** Opening Data segment block **
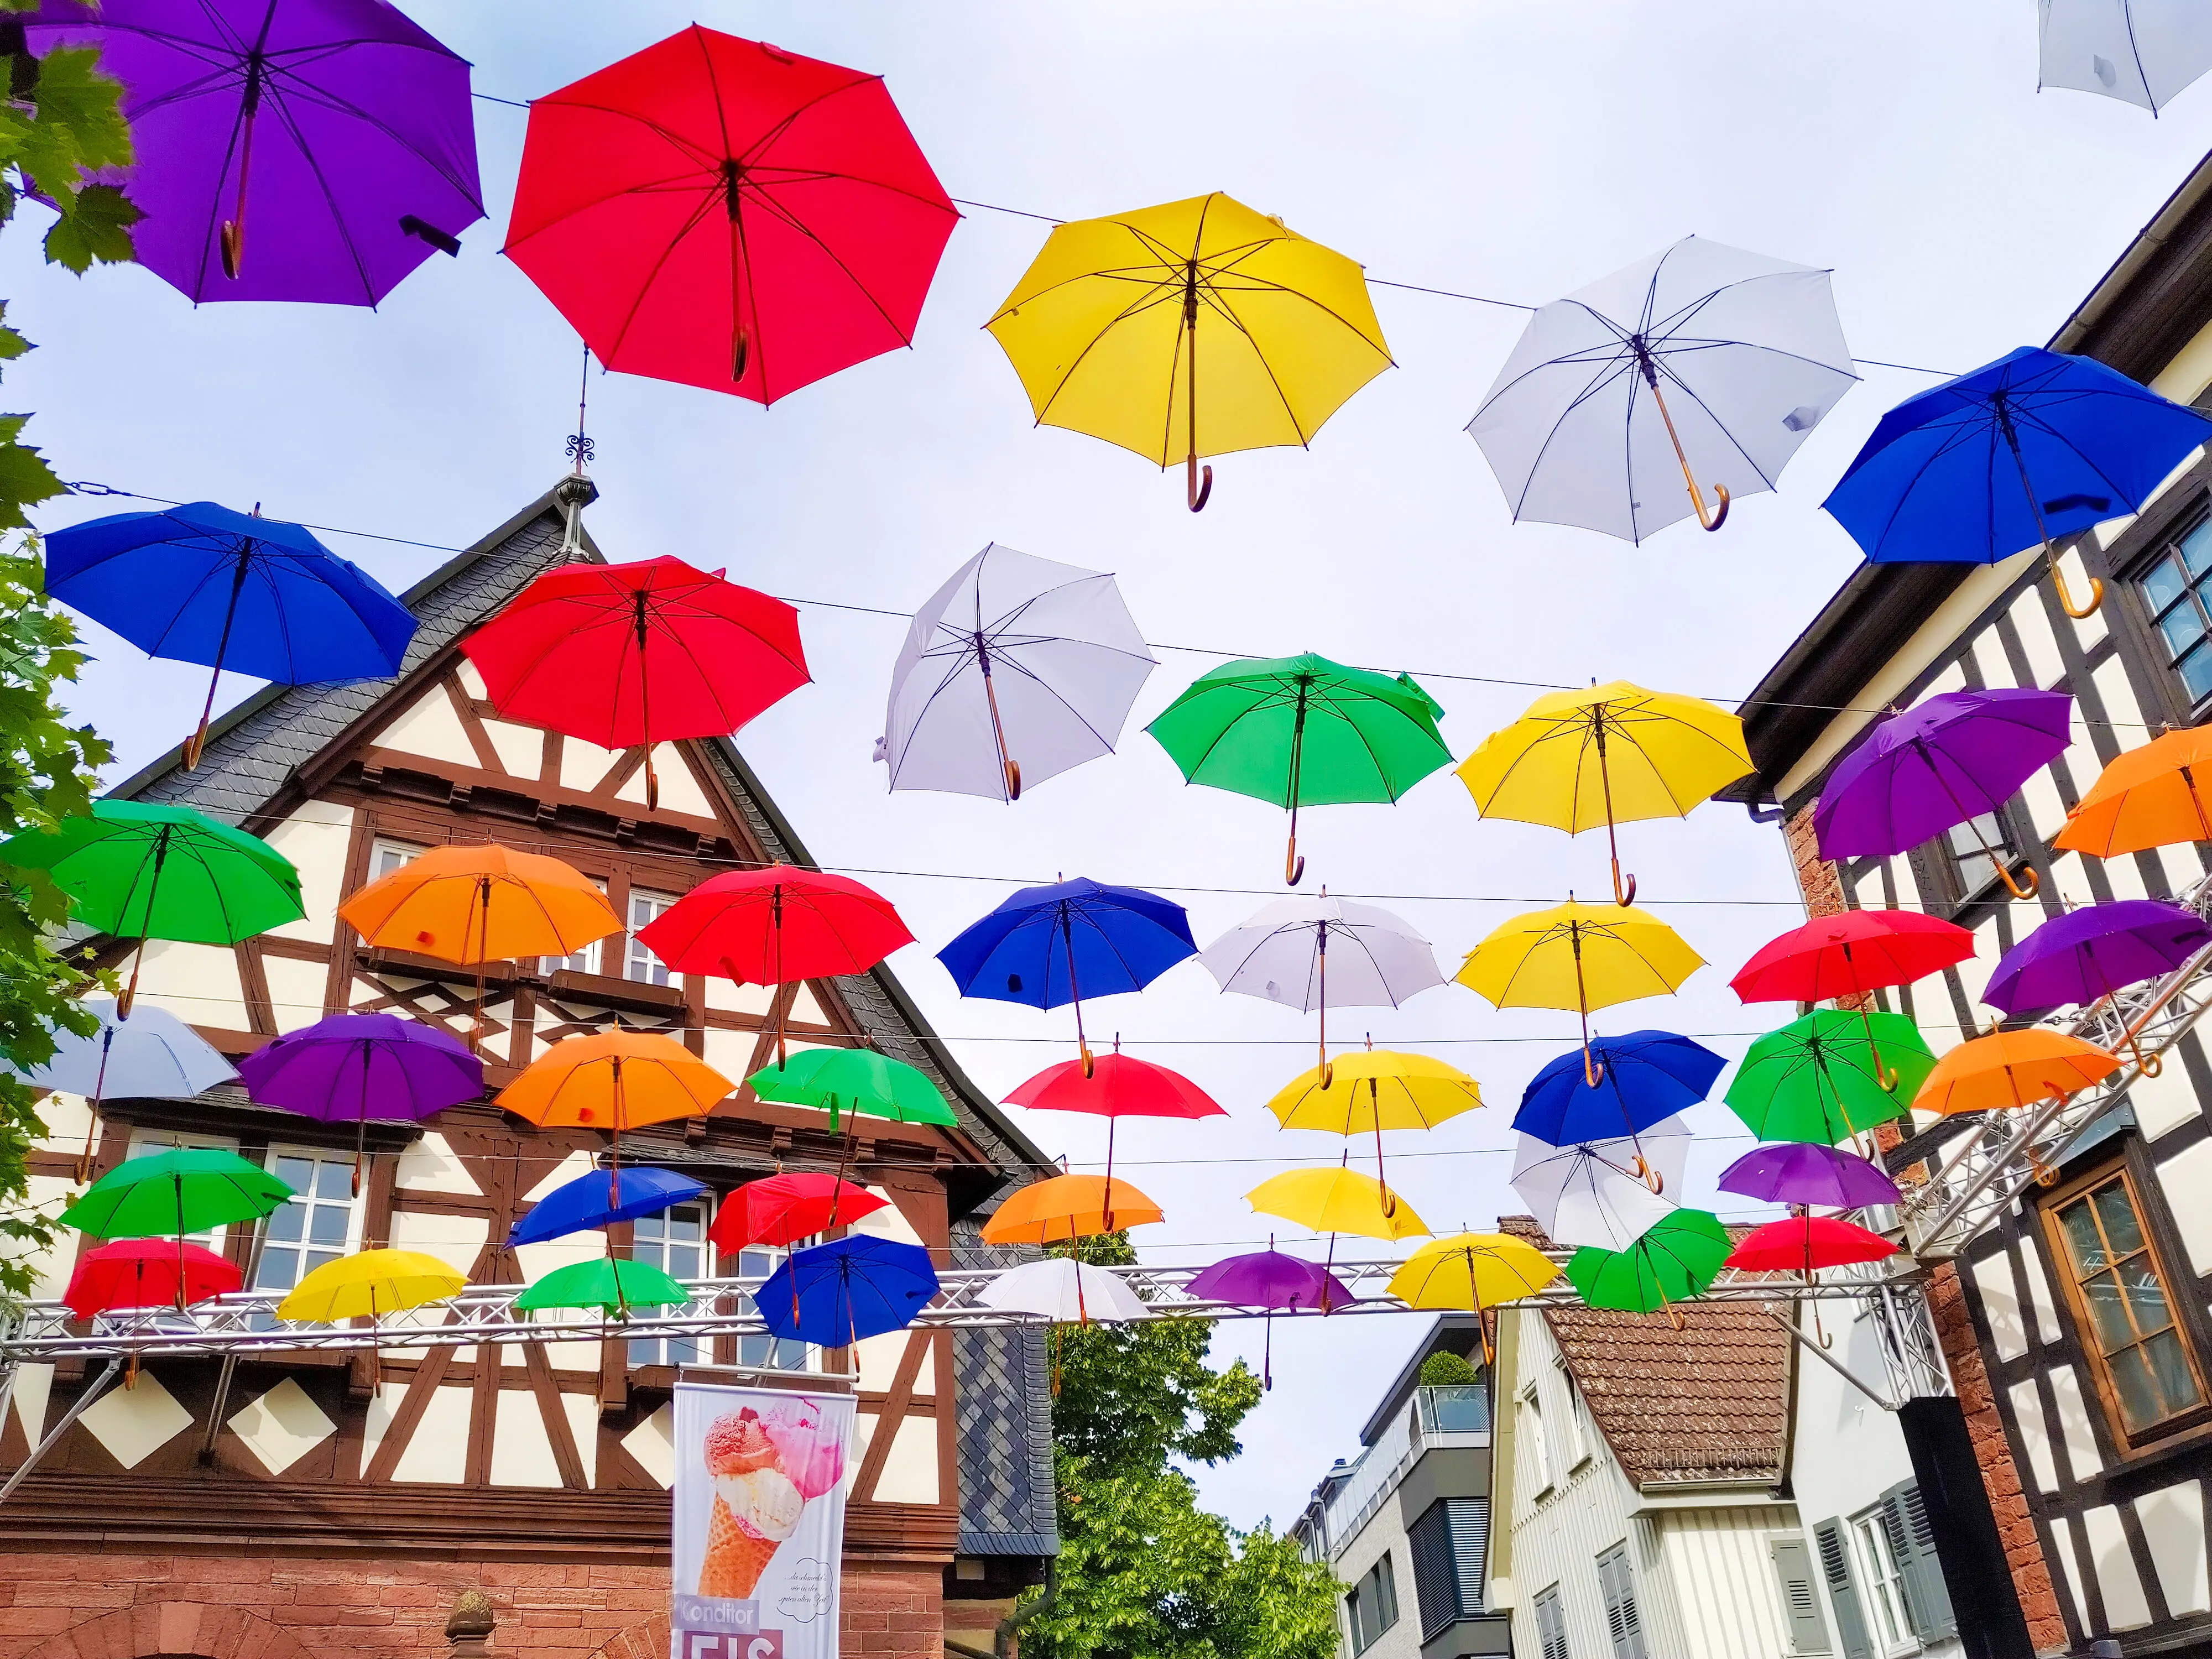 Fachwerkhäuser in Hofheim mit bunten Regenschirmen, die an Seilen zwischen den Häusern gespannt sind
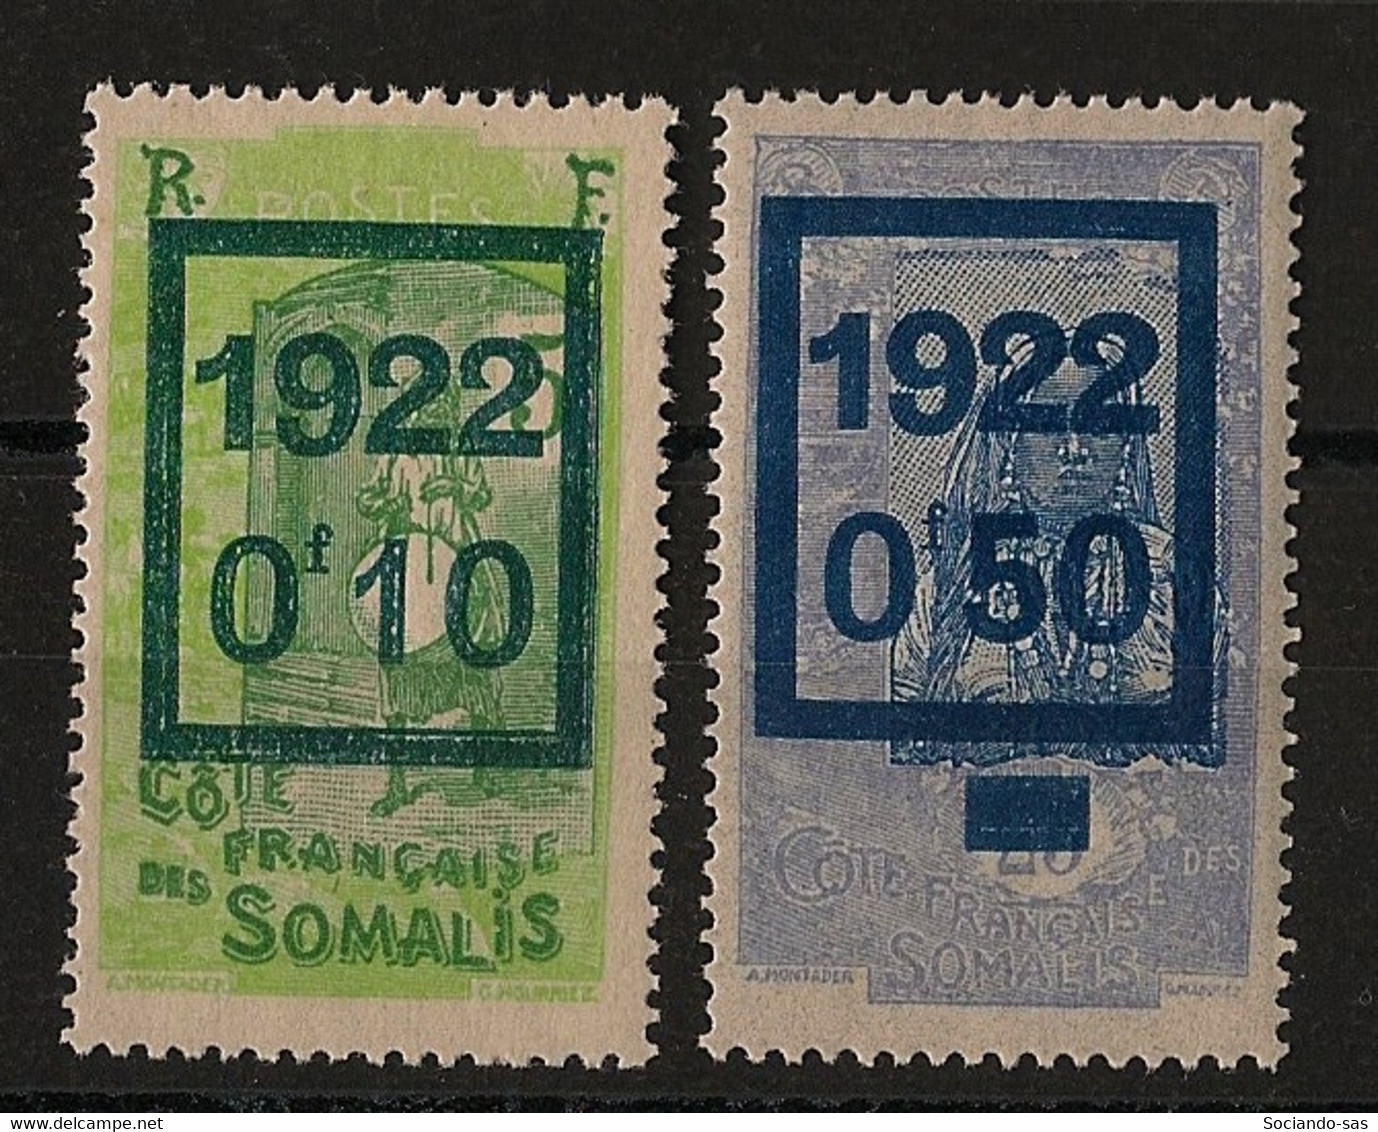 COTE DES SOMALIS - 1922 - N°YT. 101 à 102 - Série Complète - Neuf * / MH VF - Neufs
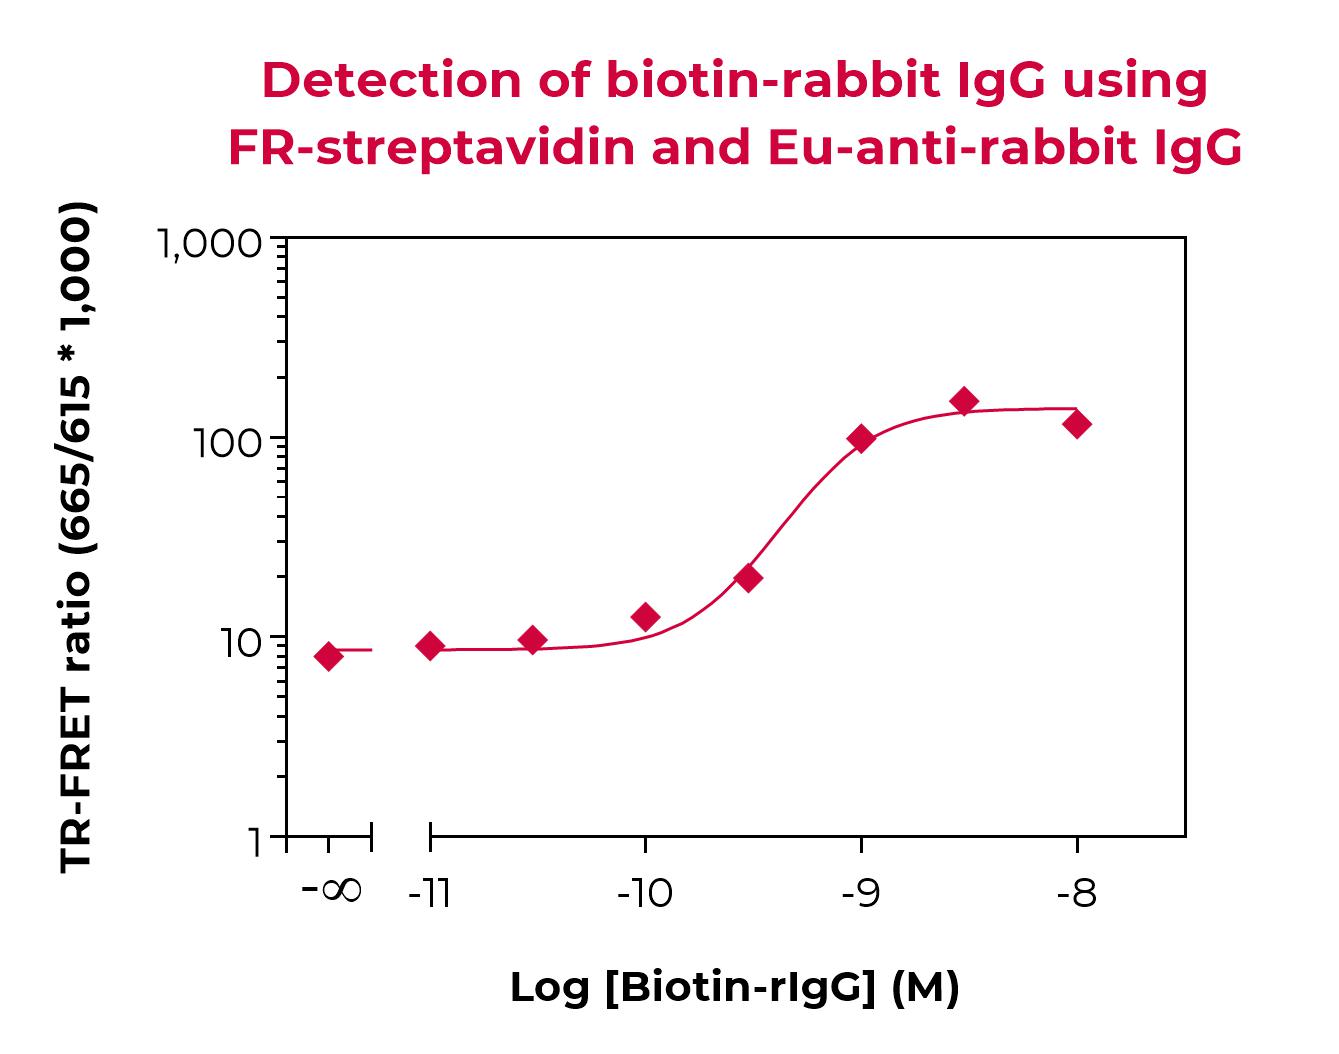 Eu-anti-rabbit IgG validation
** Closing Data segment block **
Problem statement>
Where the line containing "COTE DES SOMALIS" appears, begin writing out the lines word for word, and continue through the last line of the data, leaving out pictures.

Result below>
 COTE DES SOMALIS - 1922 - N°YT. 101 à 102 - Série Complète - Neuf * / MH VF - Neufs
 Eu-anti-rabbit IgG validation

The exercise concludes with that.